基金Project supported by the National Natural Science Foundation of China(Grant No.12264037)the Innovation Team of Colleges and Universities in Guangdong Province(Grant No.2021KCXTD040)+2 种基金Guangdong Province Education Department(Grant No.2023KTSCX174)the Key Laboratory of Guangdong Higher Education Institutes(Grant No.2023KSYS011)Science and Technology Bureau of Zhongshan(Grant No.2023B2035)。
文摘We theoretically study nonlinear thermoelectric transport through a topological superconductor nanowire hosting Majorana bound states(MBSs) at its two ends, a system named as Majorana nanowire(MNW). We consider that the MNW is coupled to the left and right normal metallic leads subjected to either bias voltage or temperature gradient. We focus our attention on the sign change of nonlinear Seebeck and Peltier coefficients induced by mechanisms related to the MBSs, by which the possible existence of MBSs might be proved. Our results show that for a fixed temperature difference between the two leads, the sign of the nonlinear Seebeck coefficient(thermopower) can be reversed by changing the overlap amplitude between the MBSs or the system equilibrium temperature, which are similar to the cases in linear response regime.
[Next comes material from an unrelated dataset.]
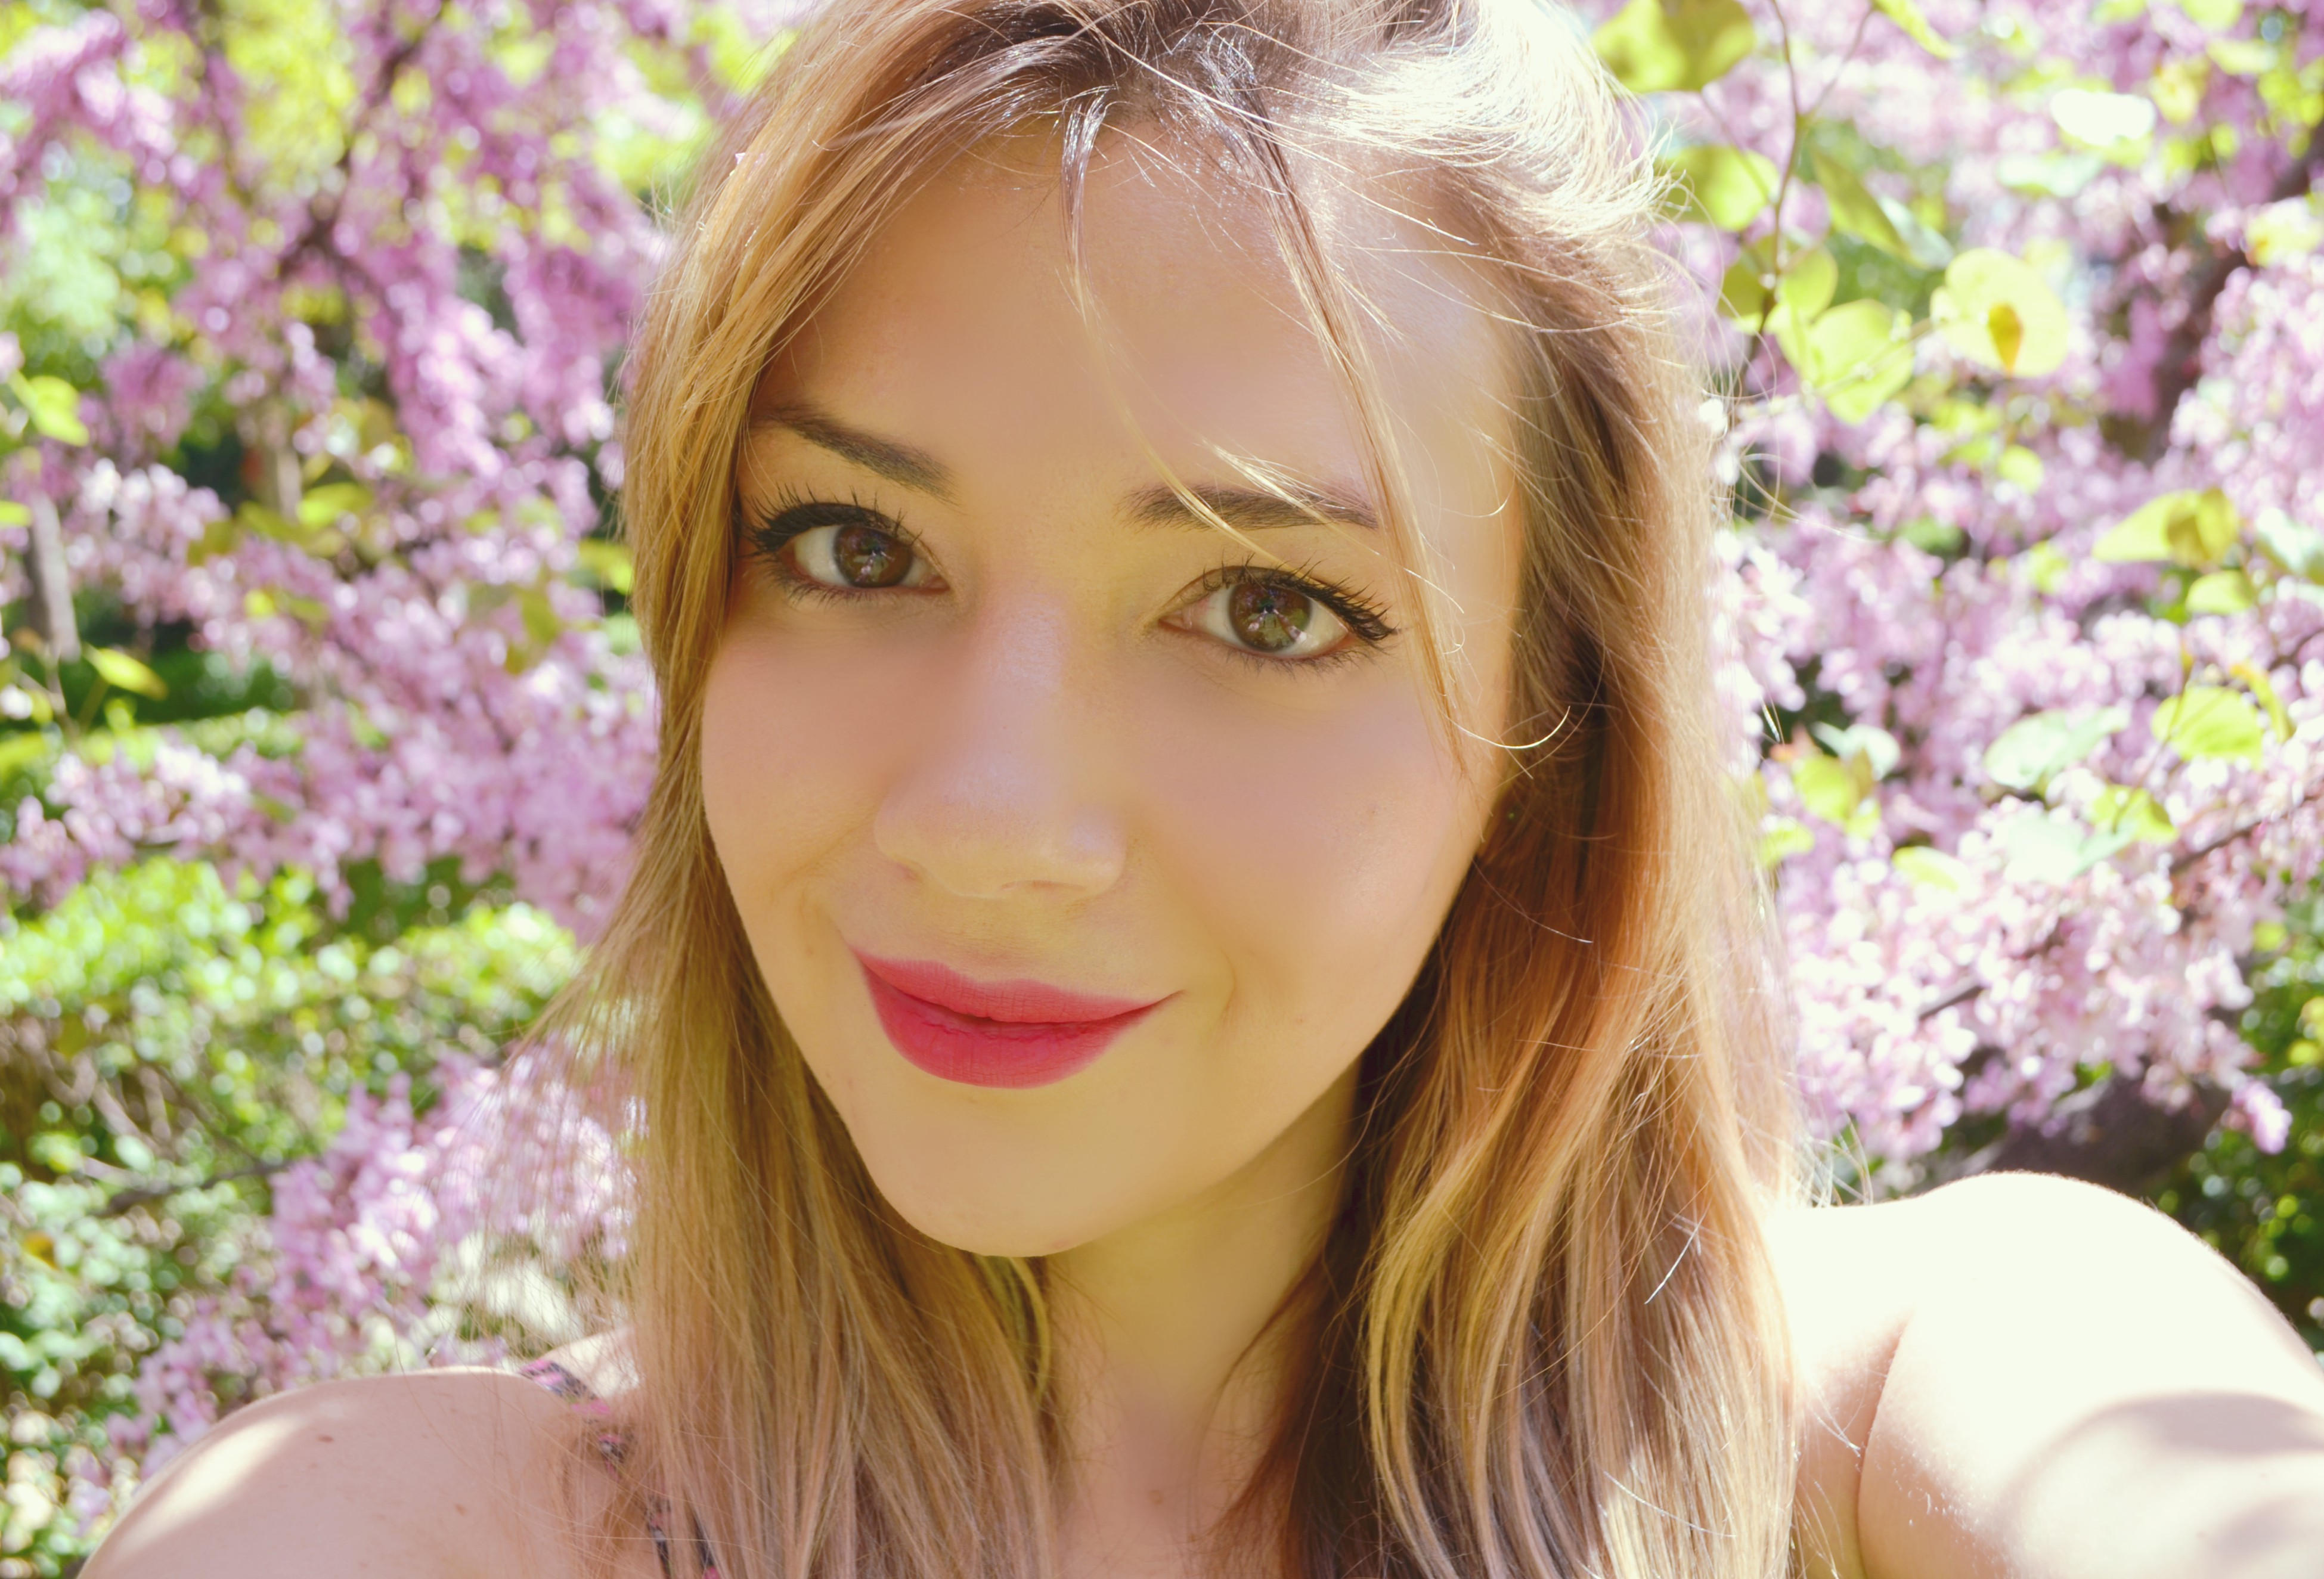 ChicAdicta-blog-de-moda-fashionista-Chic-Adicta-influencer-madrid-look-de-primavera-Thebodyshop-lipstick-PiensaenChic-Piensa-en-Chic

By optimizing the MBS–MBS interaction amplitude and system equilibrium temperature, we find that the temperature difference may also induce sign change of the nonlinear thermopower. For zero temperature difference and finite bias voltage, both the sign and magnitude of nonlinear Peltier coefficient can be adjusted by changing the bias voltage or overlap amplitude between the MBSs. In the presence of both bias voltage and temperature difference, we show that the electrical current at zero Fermi level and the states induced by overlap between the MBSs keep unchanged, regardless of the amplitude of temperature difference. We also find that the direction of the heat current driven by bias voltage may be changed by weak temperature difference.